What the task requires ▸ Give back the records that follow exactly, images excluded.

*** Block opens ***

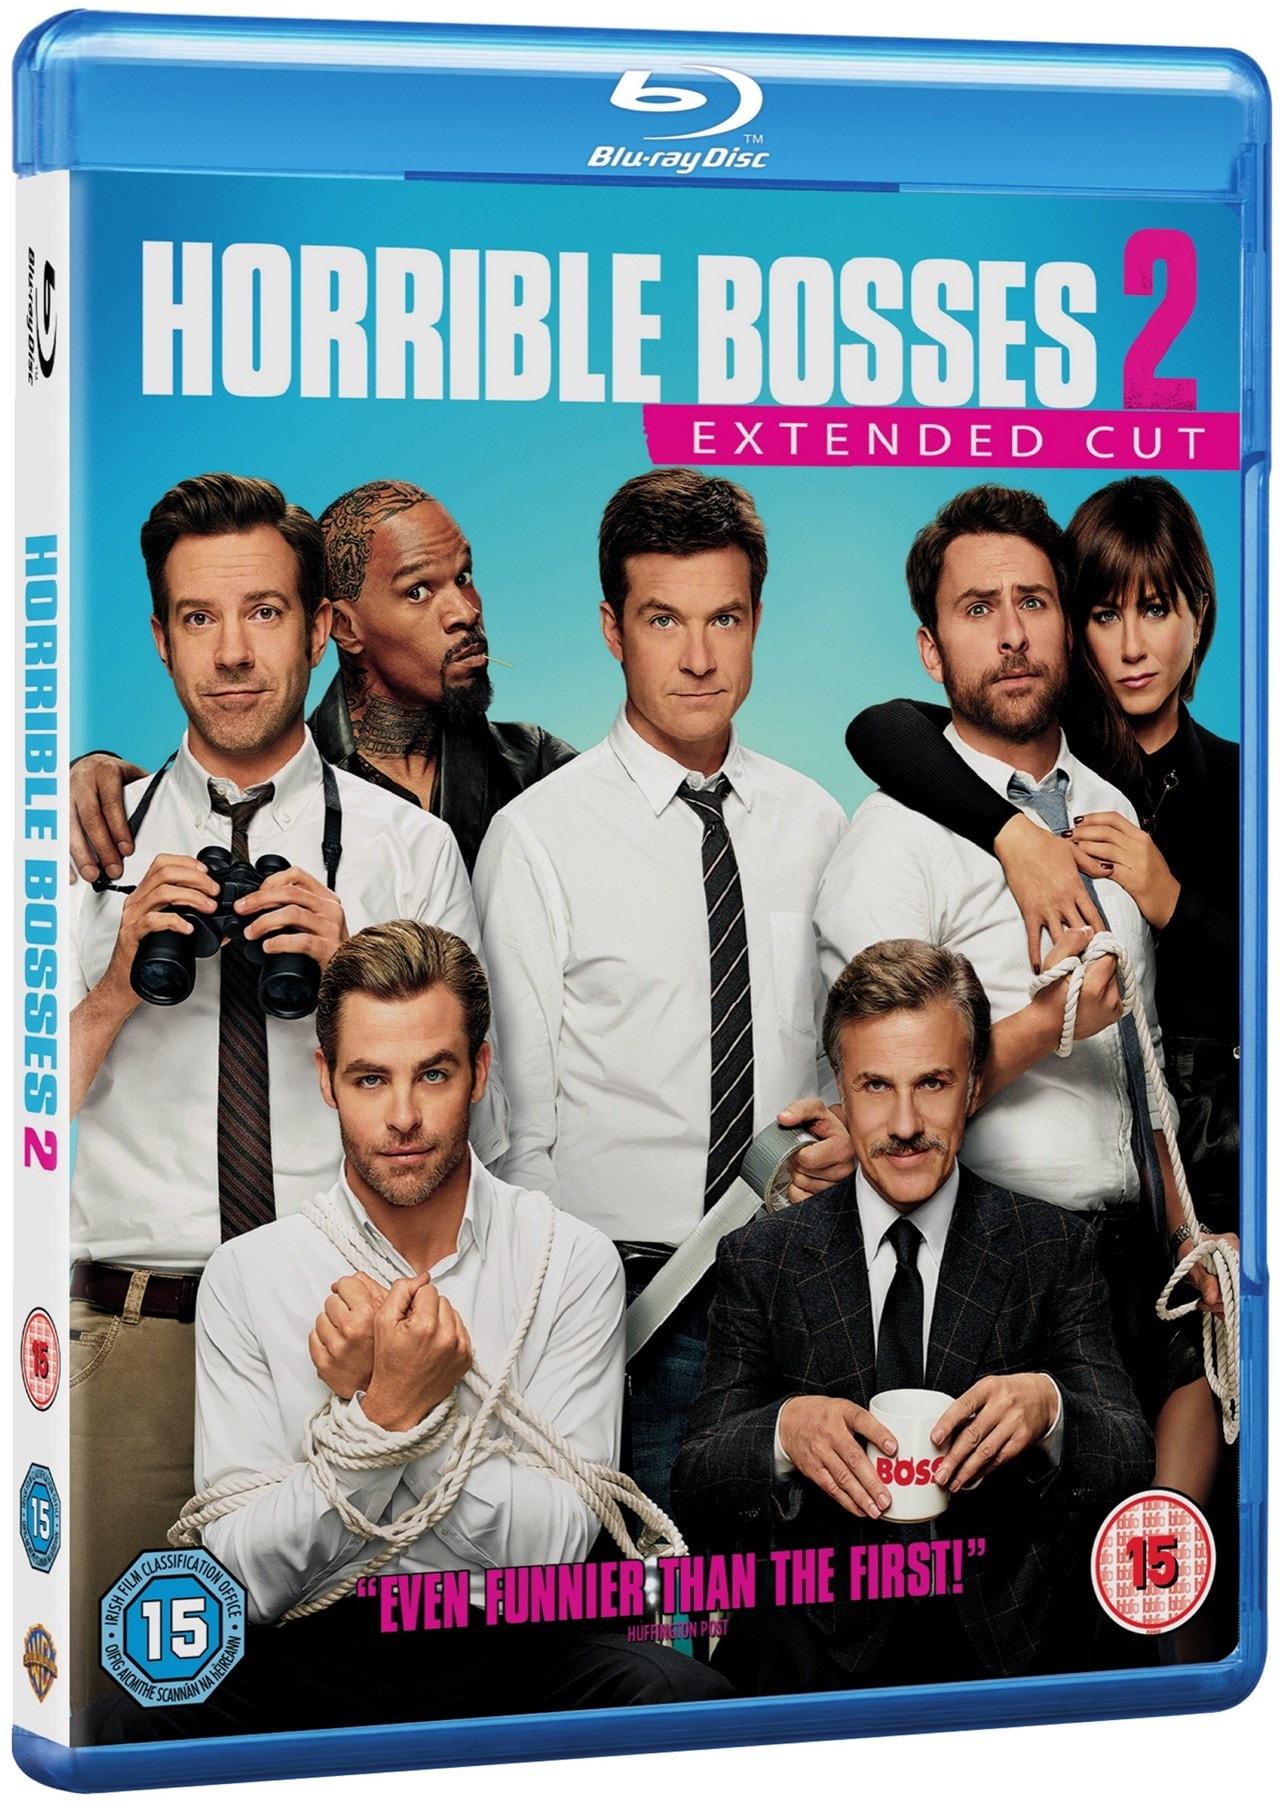 Horrible Bosses 2: Extended Cut - 2
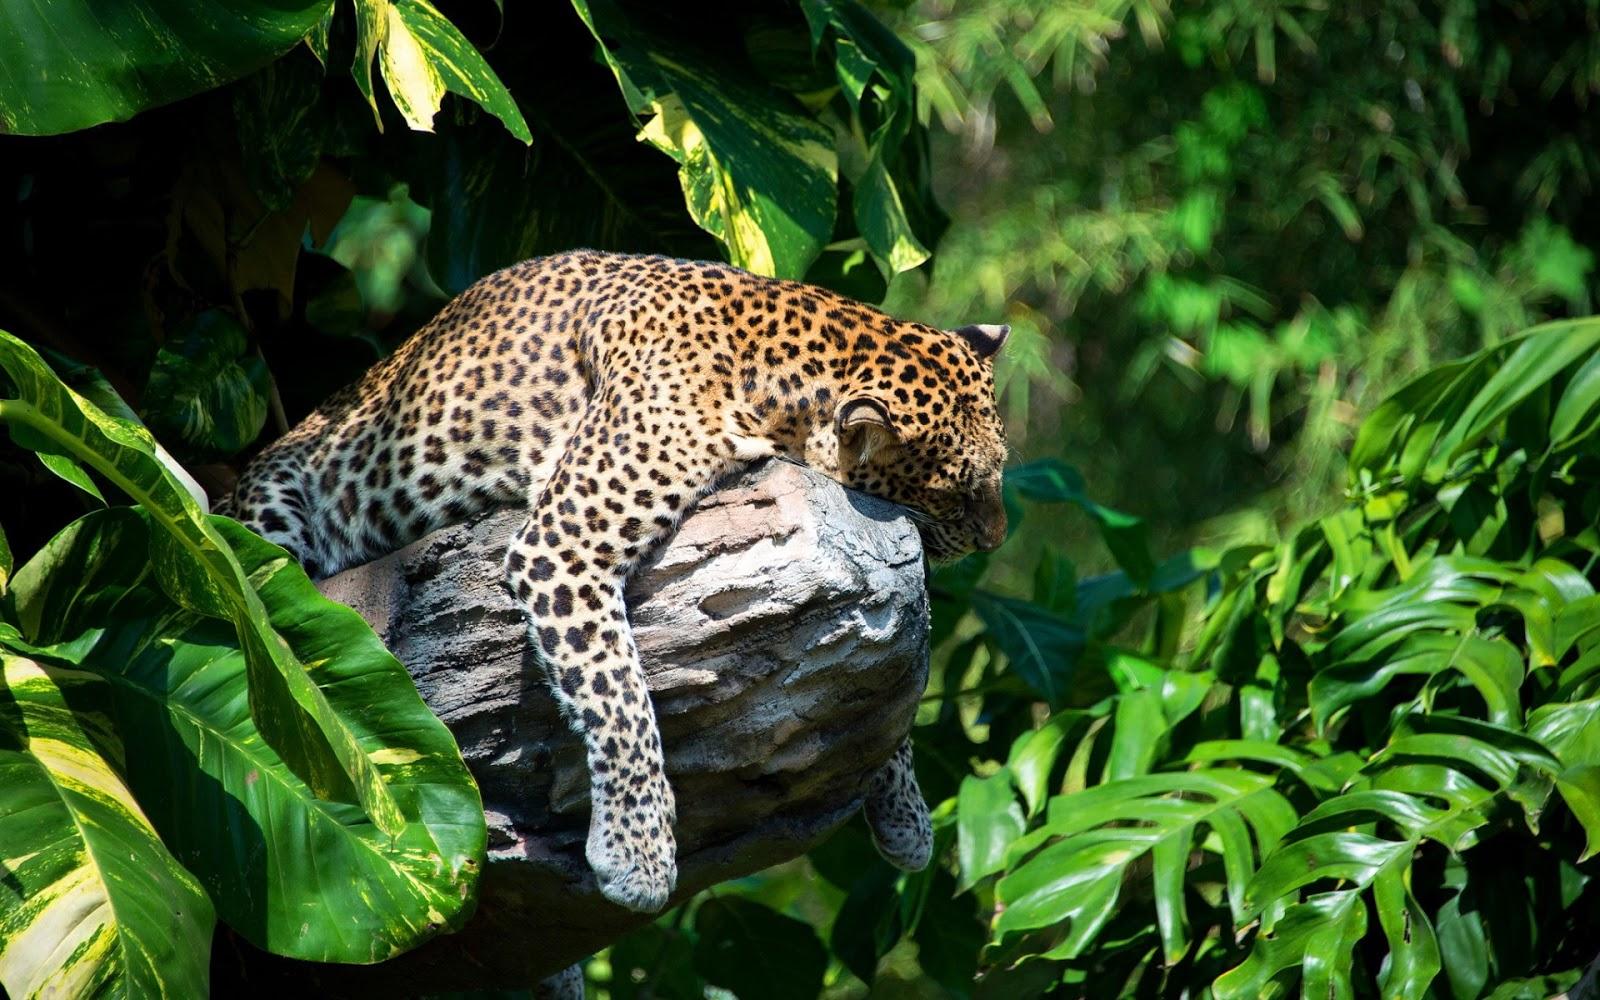 Fondo De Pantalla De Leopardo Fondos De Pantalla Gratis: Fondos HD Wallpapers: Fondo De Pantalla Animales Leopardo
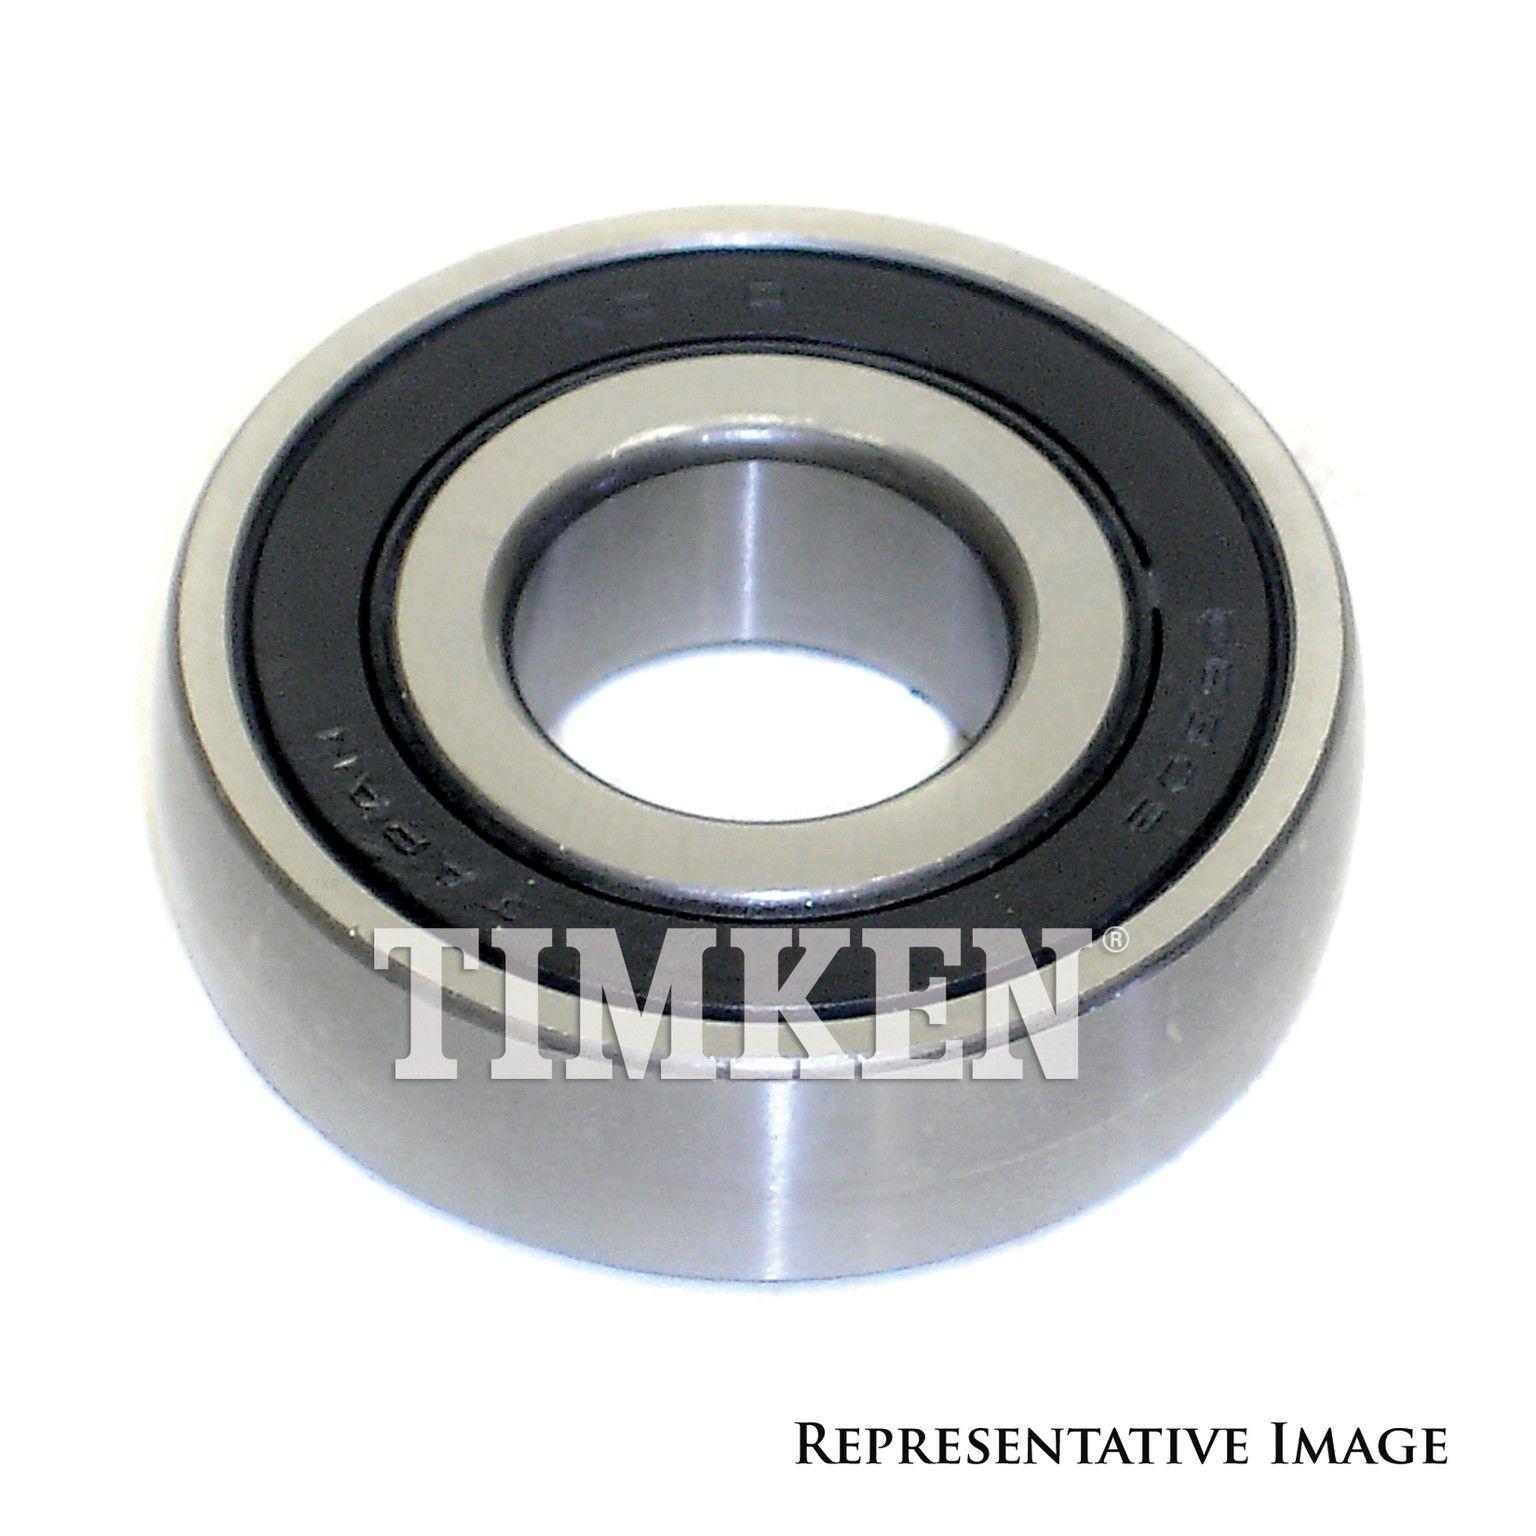 Toyota Land Cruiser Transfer Case Output Shaft Bearing Replacement 1979 Front Timken 308l
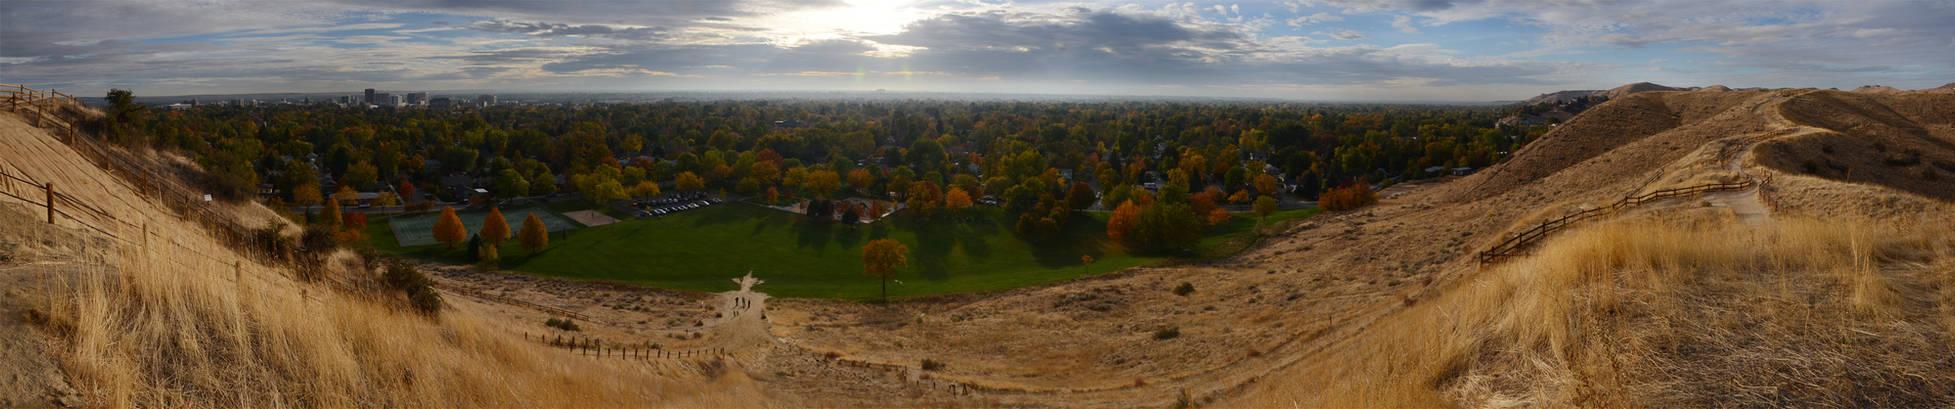 Camelback Park Fall 2012-10-19 2
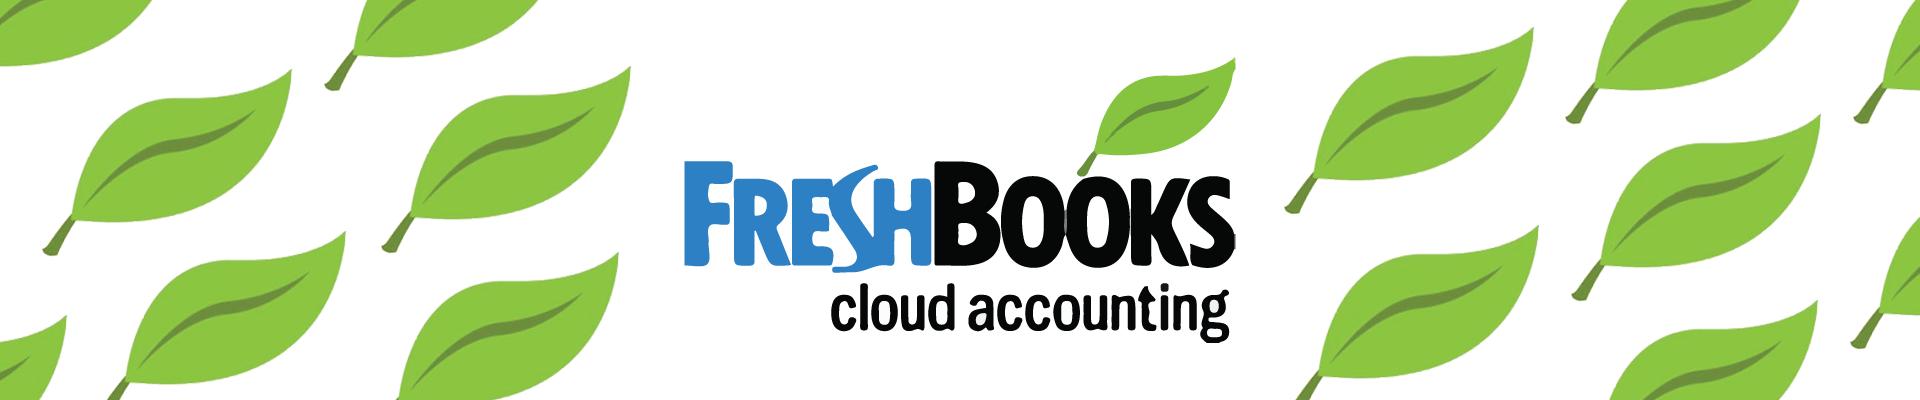 FreshBooks API Announcement

*** Block closes ***

Your response ▸
 Horrible Bosses 2: Extended Cut - 2
 Fondo De Pantalla De Leopardo Fondos De Pantalla Gratis: Fondos HD Wallpapers: Fondo De Pantalla Animales Leopardo
 Toyota Land Cruiser Transfer Case Output Shaft Bearing Replacement 1979 Front Timken 308l
 Camelback Park Fall 2012-10-19 2
 FreshBooks API Announcement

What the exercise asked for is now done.